The automated drink mixer takes orders from a push-button menu, and moves a regular 16-ounce glass under a series of inverted bottles while dispensing specified amounts of mixers to make perfect non-alcoholic beverages.

Introduction

            If you’ve ever been to a crowded bar or restaurant and waited a long time just to get served an ill-prepared drink by someone that you still have to tip afterwards, then you understand the potential benefits of having an automated drink mixer. With this device, a user simply has to place his or her glass on the specified starting location, select a drink from the push-button menu, and wait less than 30 seconds for the beverage to be dispensed and the glass to be returned to its initial position. Drinks are made efficiently and consistently, as each drink is prepared the same way every time. In choosing this project, we wanted to do something both fun and relevant, with clear functionality in a real-world application.

Automated Drink Mixer Using Atmega1284

            For this project, we used a bidirectional DC motor and solenoid valves to turn an ordinary Lazy Susan into a rotating platform system that could move a glass under inverted bottles and dispense liquids in a controlled manner, in order to make mixed drinks. Movement and liquid flow were controlled by an Atmel Mega1984 microcontroller, which was programmed using C software written in AVR Studio4, and the position of the glass was tracked by an Infrared (IR) sensor and feeback control loop. Drink orders are placed via a push-button menu. Ultimately, we were able to successfully implement our design for a menu consisting of five different non-alcoholic drinks: cherry coke, coke & lime, coke-sprite, Arnold Palmer, and Shirley Temple.

Design

            The design for our automated drink mixer focuses on simplicity, as to minimize the number of moving parts needed in the system and reduce mechanical error. A rotating Lazy Susan is centered on a wooden platform with five supports made of PVC pipe spaced around it evenly at 60 degree angles, leaving one space open for the user to initially place the glass. Each support holds a mixer above the rotating platform, contained in an inverted plastic bottle with a solenoid valve attached at the end to control its flow into the glass. A 12V bidirectional DC motor is attached to a 2 inch rubber wheel which is placed against the edge of the 14 inch rotating platform. The motor operates at approximately 70RPM when 12V is applied, thus rotating the platform at a speed of about 10RPM as to not spill or knock over the glass. The software run from the microcontroller is dictated by an overarching state machine, whose transitions are controlled by the status of the push-button. Initially, the system sits in an idle state where it polls for an input from one of the buttons. Once an input is received, the glass is moved under mixers according to what drink needs to be made. In order to control the position of the glass, an IR emitter and phototransistor detect black strips of tape along the edge of the platform, and a comparator digitizes the signal, which is then used to trigger an interrupt to count the number of 60 degree spaces the glass has moved. The liquid from each mixer is dispensed by simply opening and closing the corresponding valve for the appropriate amount of time. Once all the ingredients have been added, the glass is returned to its starting position, and the state machine is reset to its initial idle state.

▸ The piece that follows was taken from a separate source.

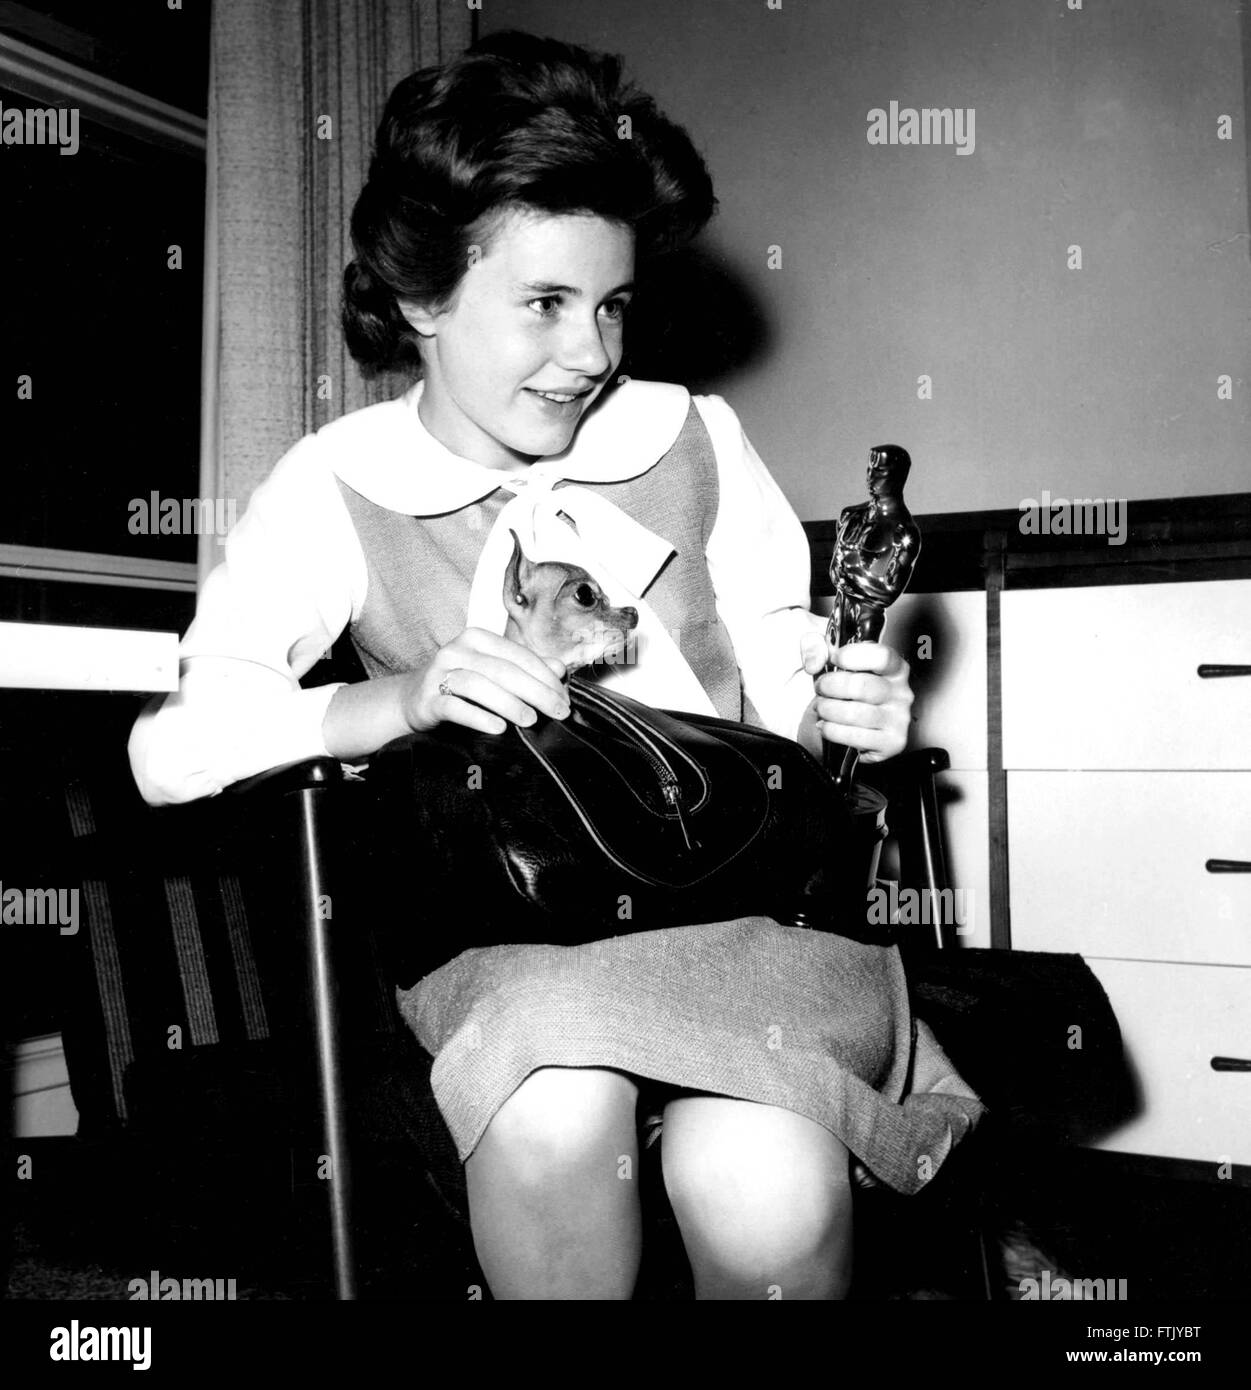 Datei. 29. März 2016. PATTY DUKE, (14. Dezember 1946 - 29. März 2016) war eine US-amerikanische Schauspielerin für Bühne, Film und Fernsehen. Herzog starb 69 der Sepsis aus einem geplatzten Darm. Herzog gewann einen Oscar im Jahr 1963 für ihre Darstellung der Helen Keller in "The Miracle Worker", eine Rolle spielte sie auch um Beifall am Broadway. Sie wurde auch für Rollen im "Valley of the Dolls" bekannt "My Sweet Charlie" und "Ich, Natalie," sowie für die "The Patty Duke Show," ausgestrahlt, die von 1963 bis 1966. Im Bild: Patty Duke. 1963 Academy Award Oscar Statuette © Globe Fotos/ZUMAPRESS. © ZUMA Press, Inc./Alamy Liv Stockfoto

            The idea for the automated drink mixer was original; however, different aspects of the design were borrowed from a similar amateur project found on the internet, as well as previous Cornell University ECE4760 labs. The idea of having a rotating circular platform which moved in predetermined steps was based on an “Automated Bartender” video on IEEE TV, which used a slotted Geneva drive to move a glass. The idea for using the IR sensor to track position came from the tachometer in Lab 4 which measured the speed of a rotating fan blade, and the state machine used to debounce the menu input was similar to that used on the DTMF dialer in Lab 2. Although our project is interesting, after viewing other projects on the internet, it does not appear that any single aspect of our design is unique enough to warrant any copyright/patent considerations or concerns.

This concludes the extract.